### Data segment
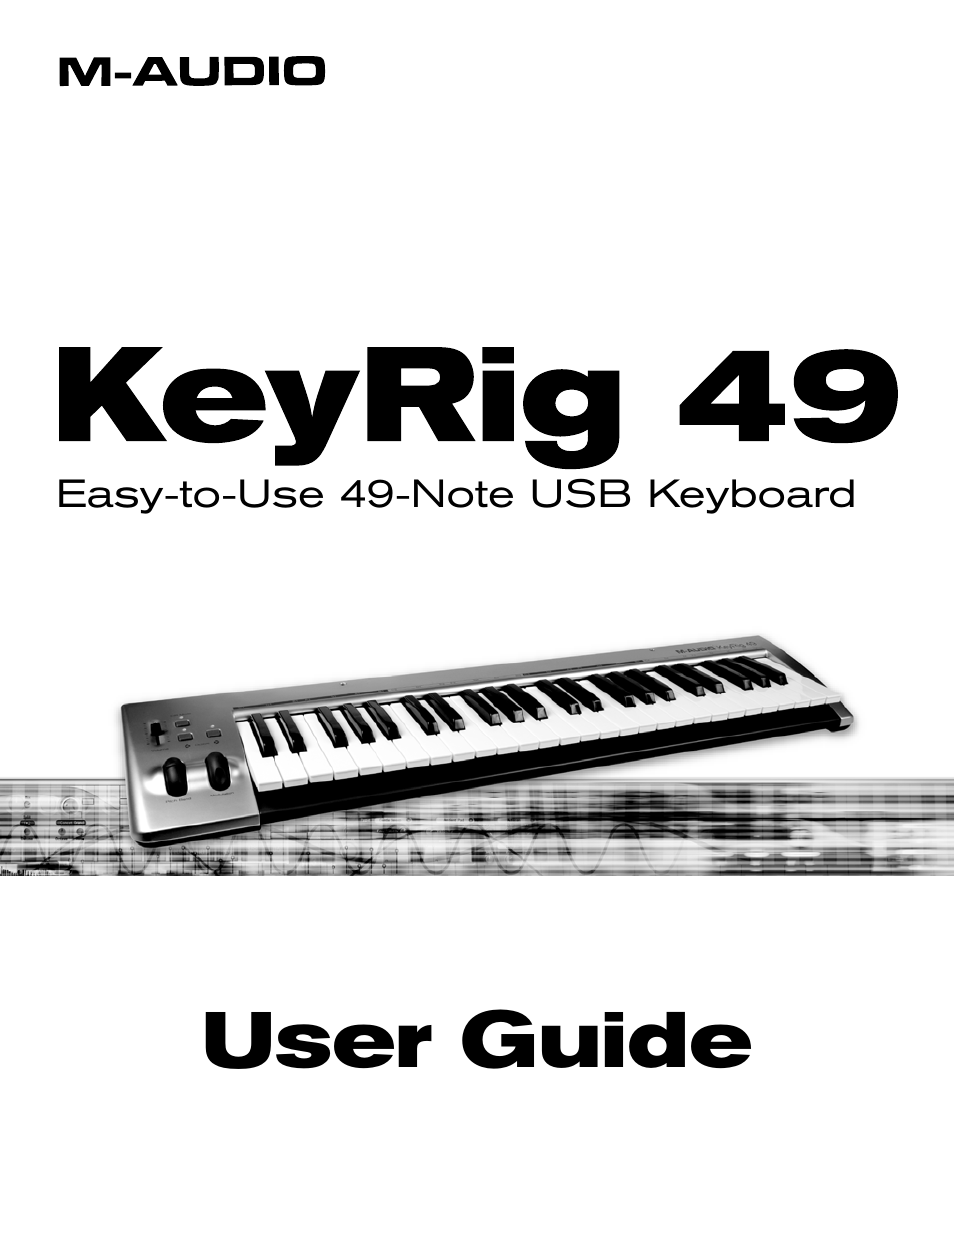 m-audio keyrig 49 software download
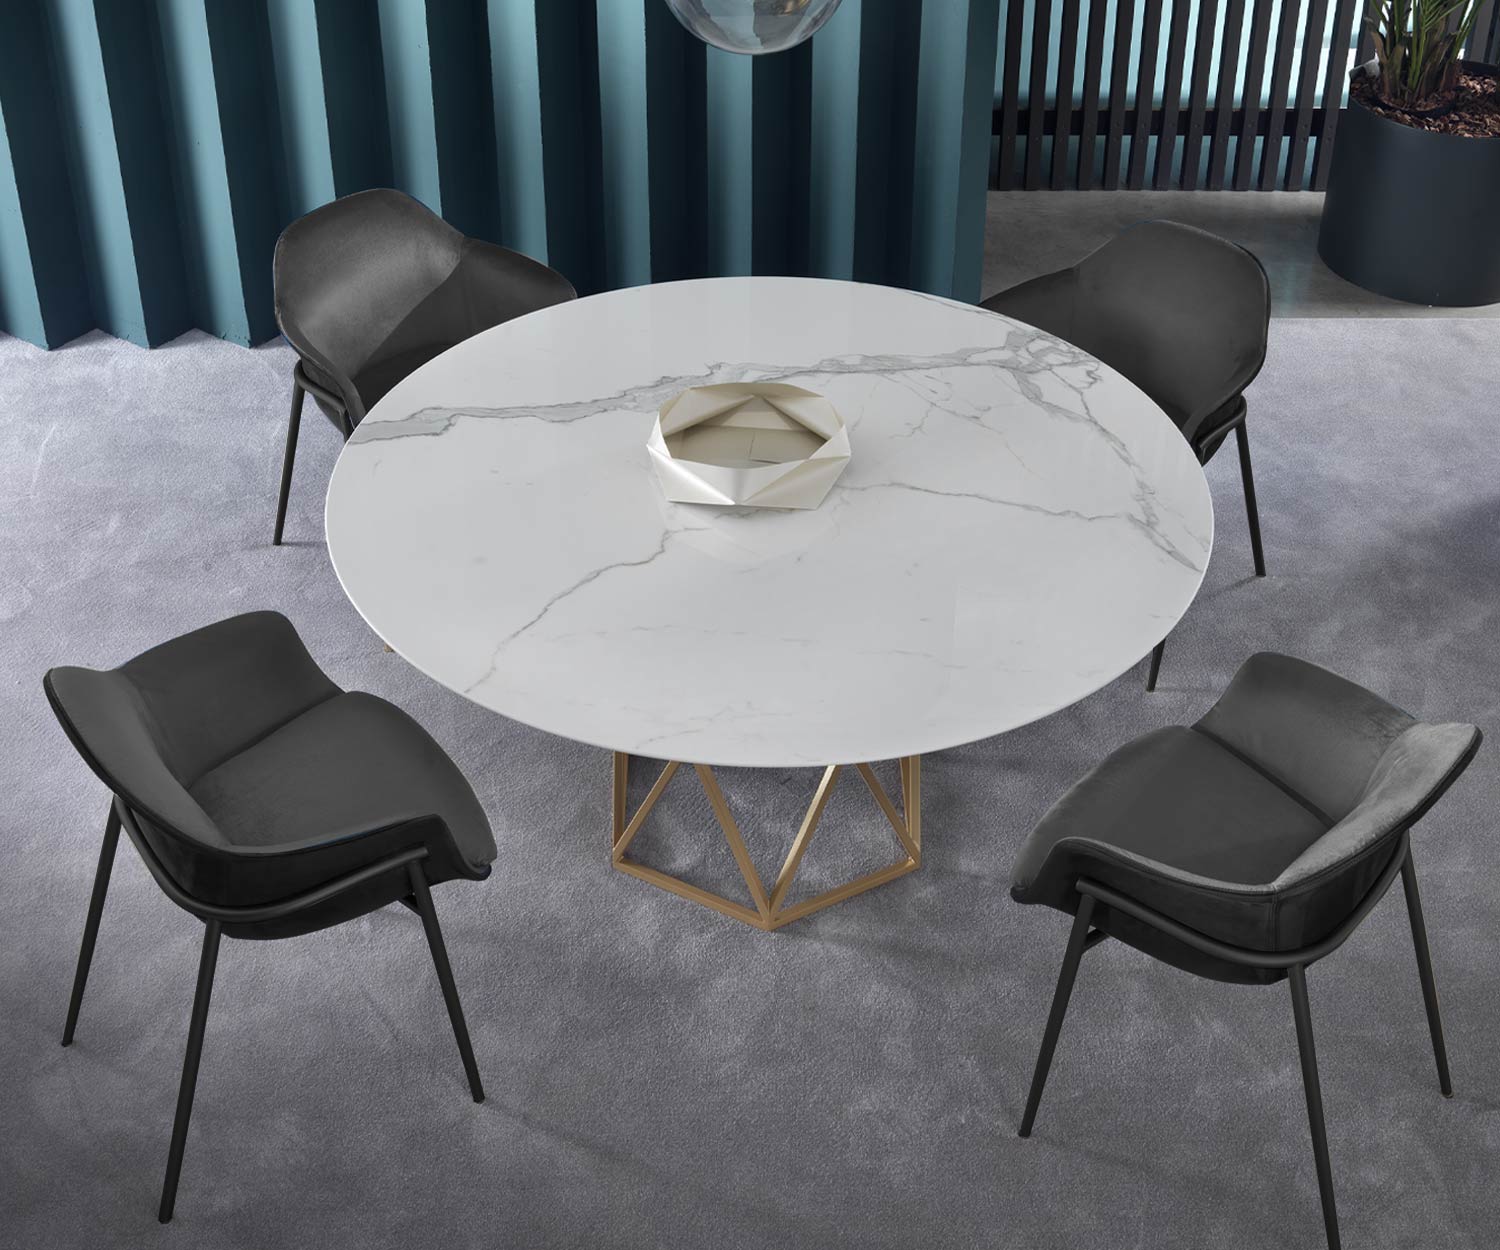 Accogliente poltrona nella sala da pranzo con tavolo in marmo disposto come un ensemble di 4 persone
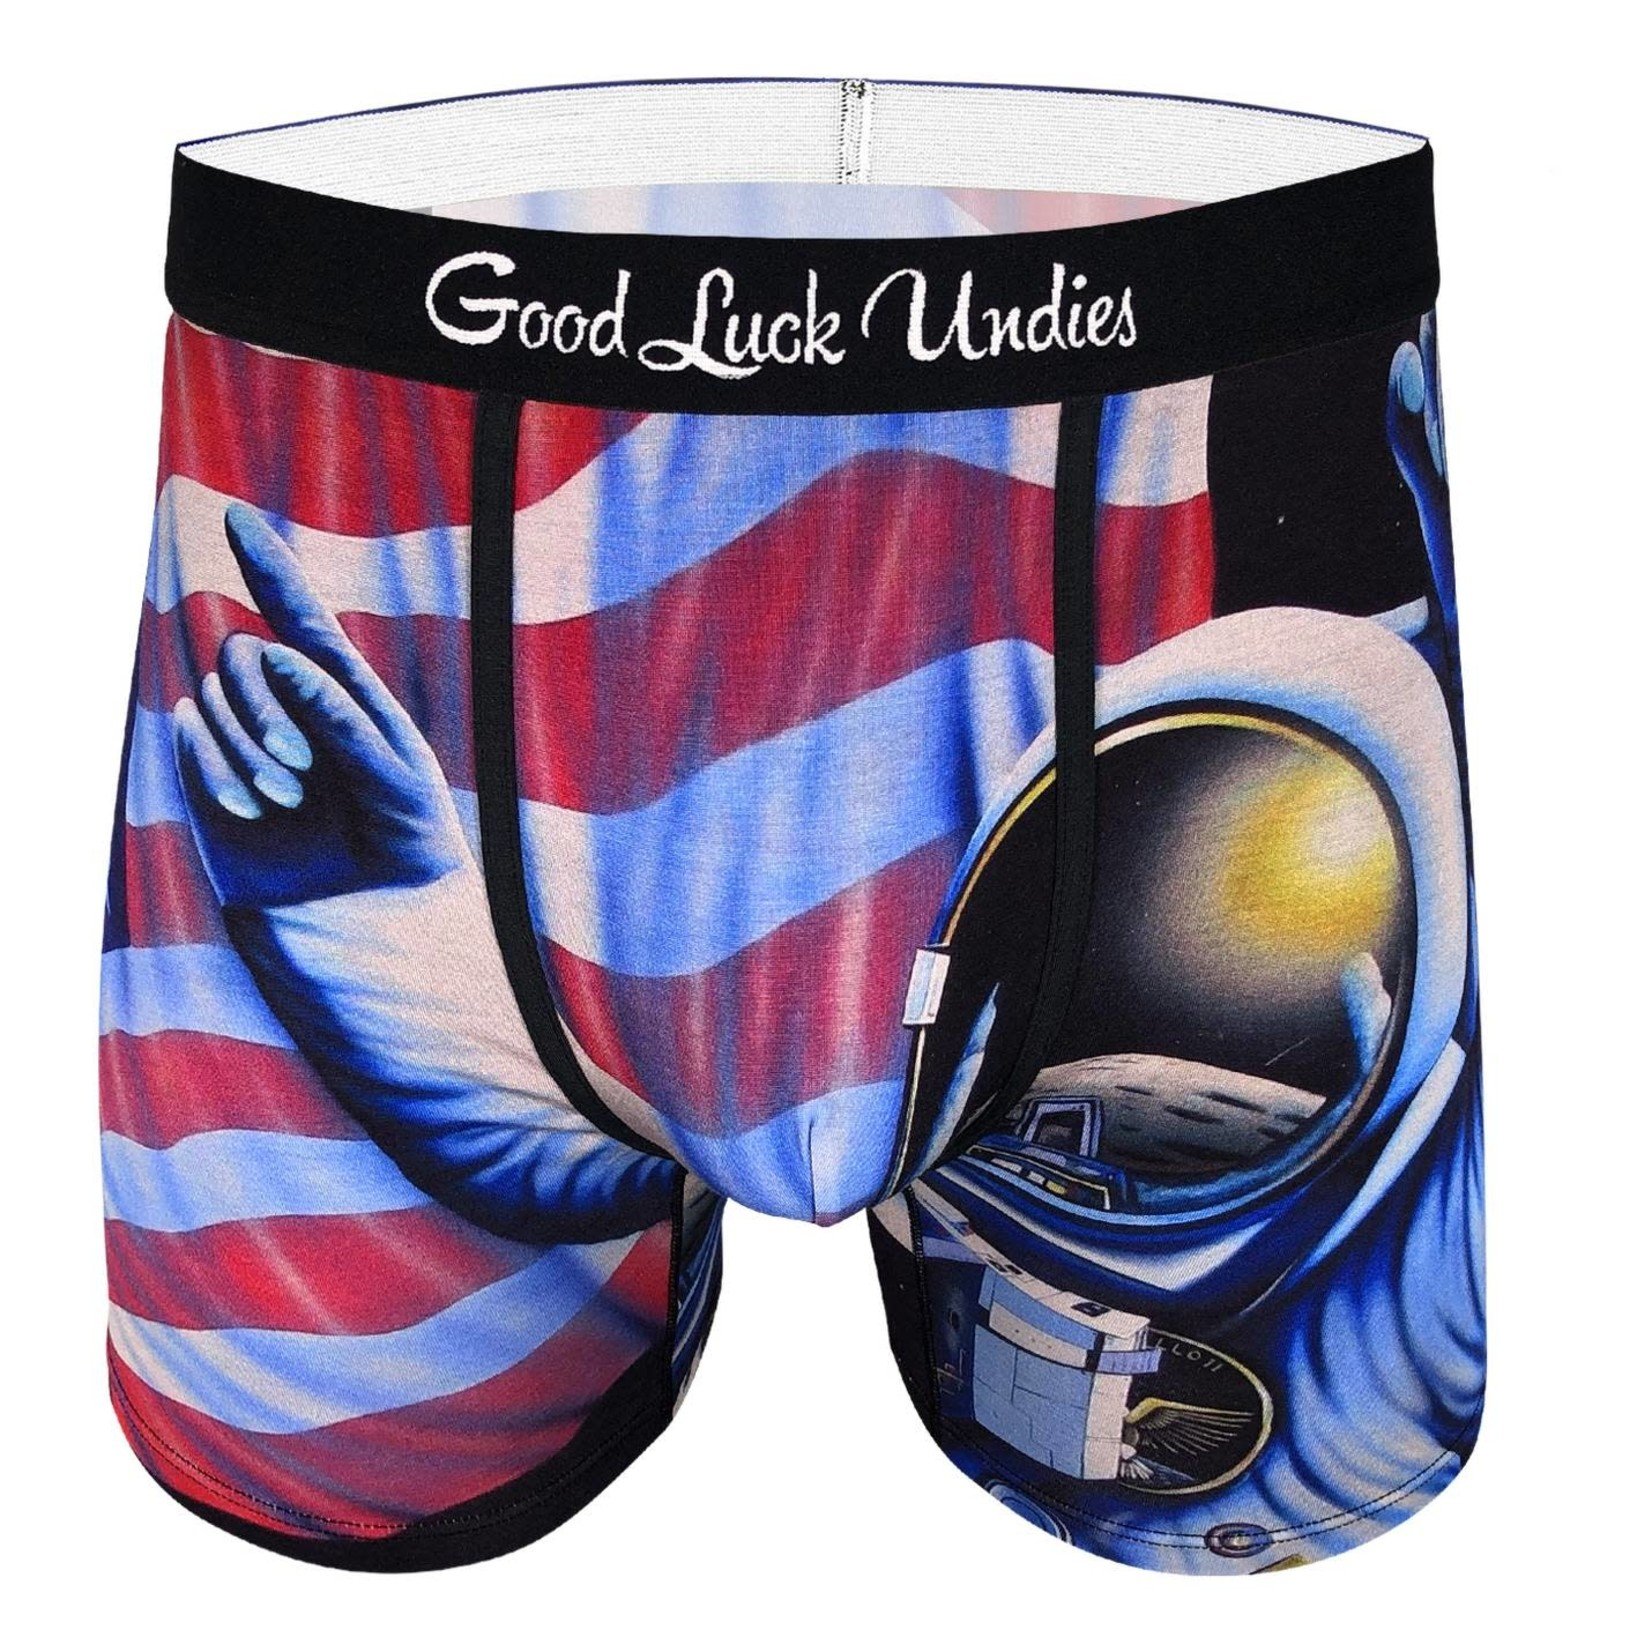 Astronaut Boxer Brief Underwear by Good Luck Undies - The

### Task statement
Pictures are to be omitted. Print exactly the lines from the line containing "Accogliente poltrona nella" through the final line of the material above, both included.

### Problem solution
 Accogliente poltrona nella sala da pranzo con tavolo in marmo disposto come un ensemble di 4 persone
 Astronaut Boxer Brief Underwear by Good Luck Undies - The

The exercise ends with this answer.